Building on these early successes, we call on all decision-making bodies and care providers in mental and substance use health care to move beyond representation and commit to genuine power-sharing with people with lived and living experience. The principle of ‘nothing about us without us’ must be more than a slogan, it should guide the transformation of our systems so that people with lived and living experience are not just present at the table but are true co-leads in decision-making at every level. This shift toward co-leadership is not just a matter of fairness; it is essential for overcoming the persistent challenges and limitations of our current ways of working. The status quo has left too many voices unheard and too many solutions unexplored. We need bold, systemic change and co-leadership is critical to achieving it.

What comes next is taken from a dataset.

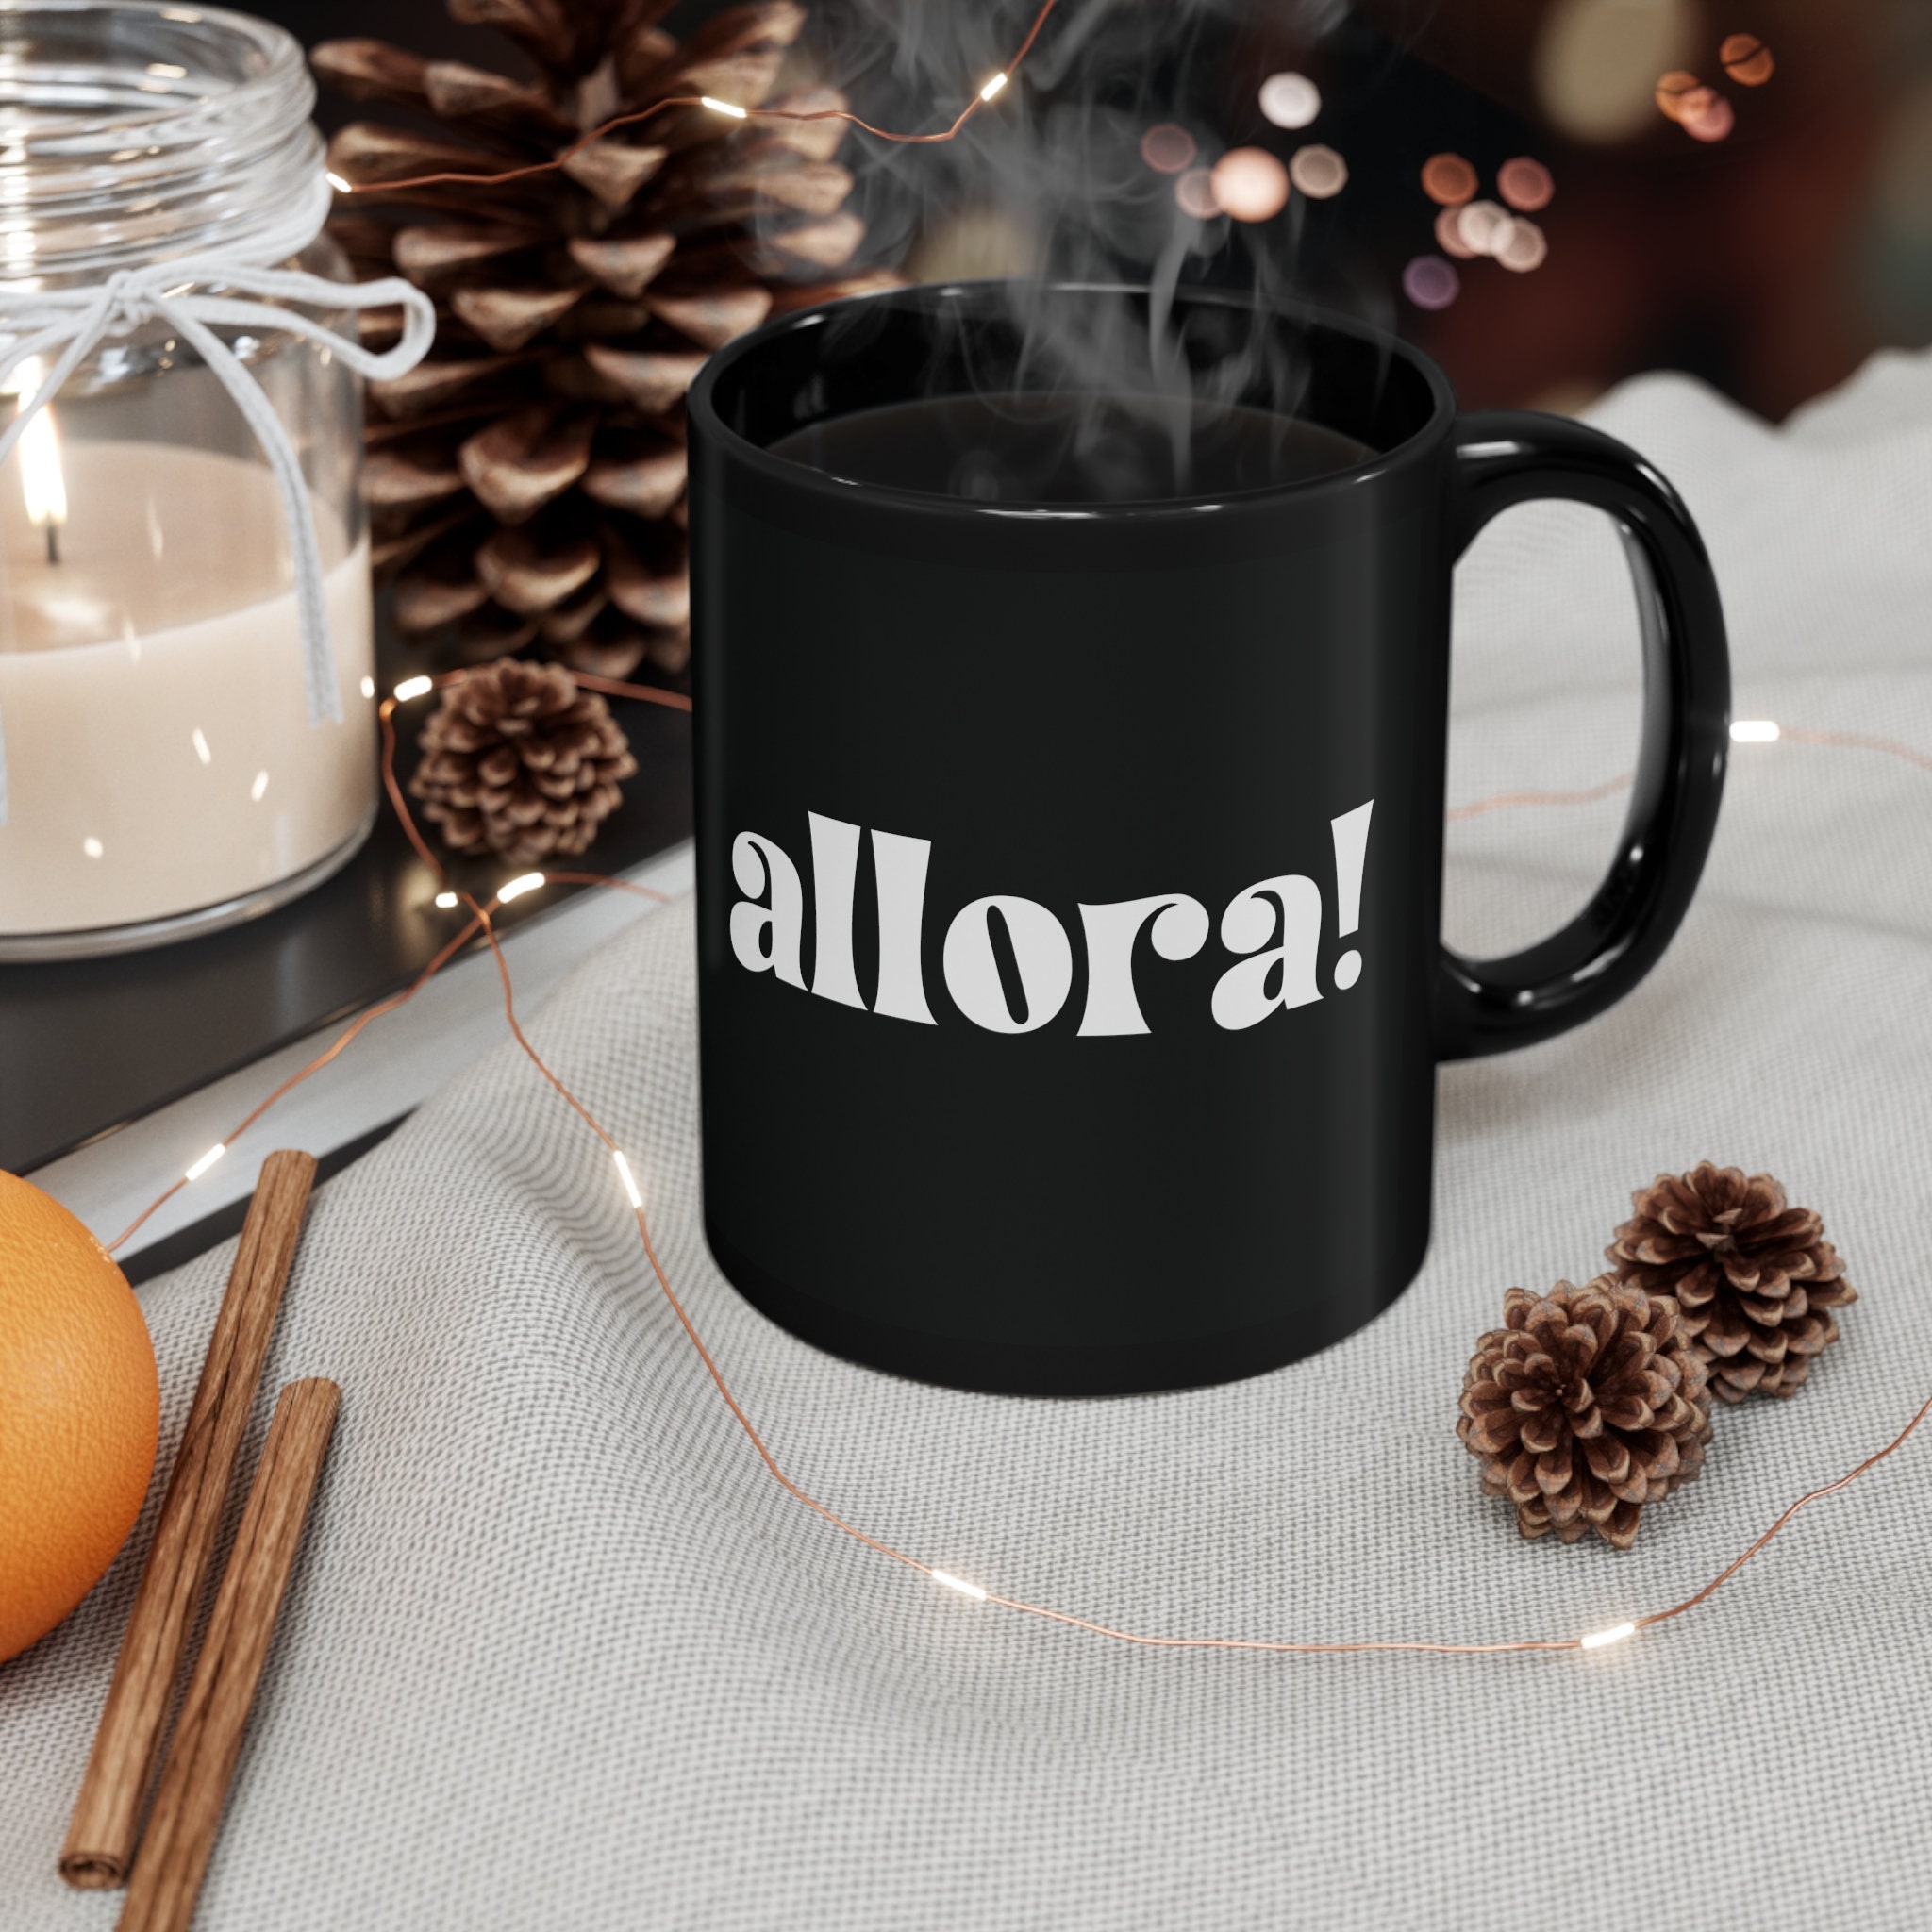 Italian Christmas mug I just want to go to Italy, Italy Xmas mug, Ital –  Italian Summers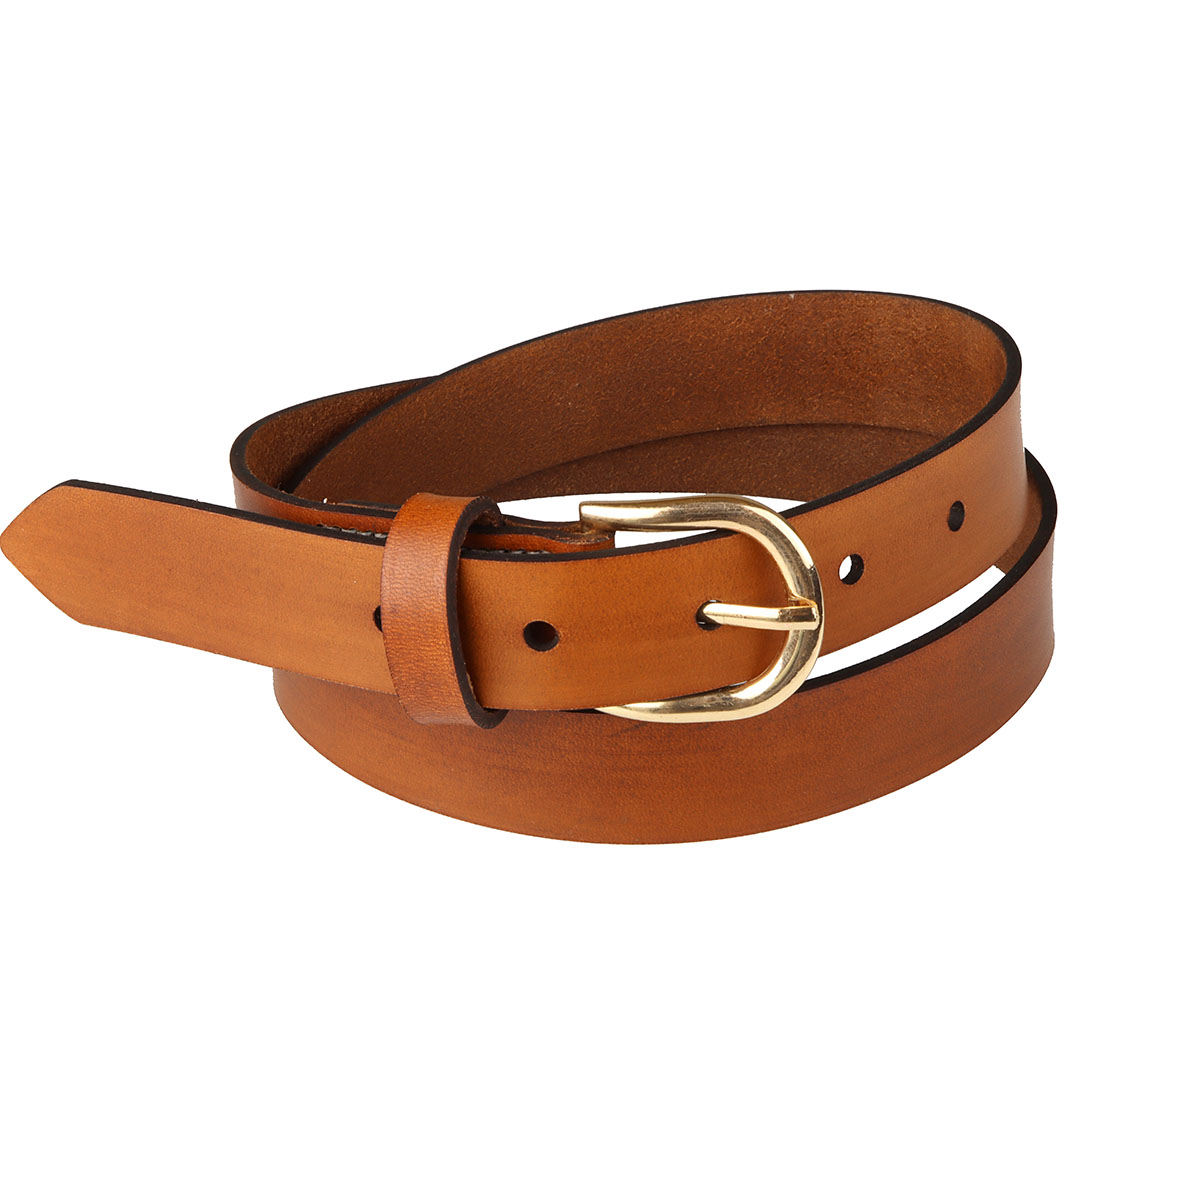 Deco Cuir - Apprenez à faire votre ceinture en cuir grâce à notre kit  complet 🧑‍🎄 🗸 Pour débutants 🗸 Sans couture 2 kits au choix ▪️ SIMPLE  (pour faire une ceinture

We urge organizations to adopt structures that enable shared authority and accountability, and to transparently track and publish progress. In line with The Lancet's guidance, we call on researchers to prioritize diversity in authorship, including those with lived and living experience, and especially when working with historically marginalized groups, to clearly describe their approach to co-leadership and report the roles of all members involved throughout the research process. ³⁰ By doing so, we can empirically demonstrate the strength of this approach and inspire system-wide transformation.

Conclusion

Integrating the blended expertise of people with lived and living experience into decision-making bodies and leadership teams is not a luxury or an after-thought, it is an absolute necessity for health systems to ensure equitable, effective and just practices and care. Co-leadership is the mechanism by which this integration becomes real, moving us from rhetoric to action. The question is not whether we can afford to do this, but whether we can afford not to. As we look to the future, let us commit to turning the barriers and hardships of the past into opportunities for partnership, hope, and lasting, effective change for the health of all people living in Canada.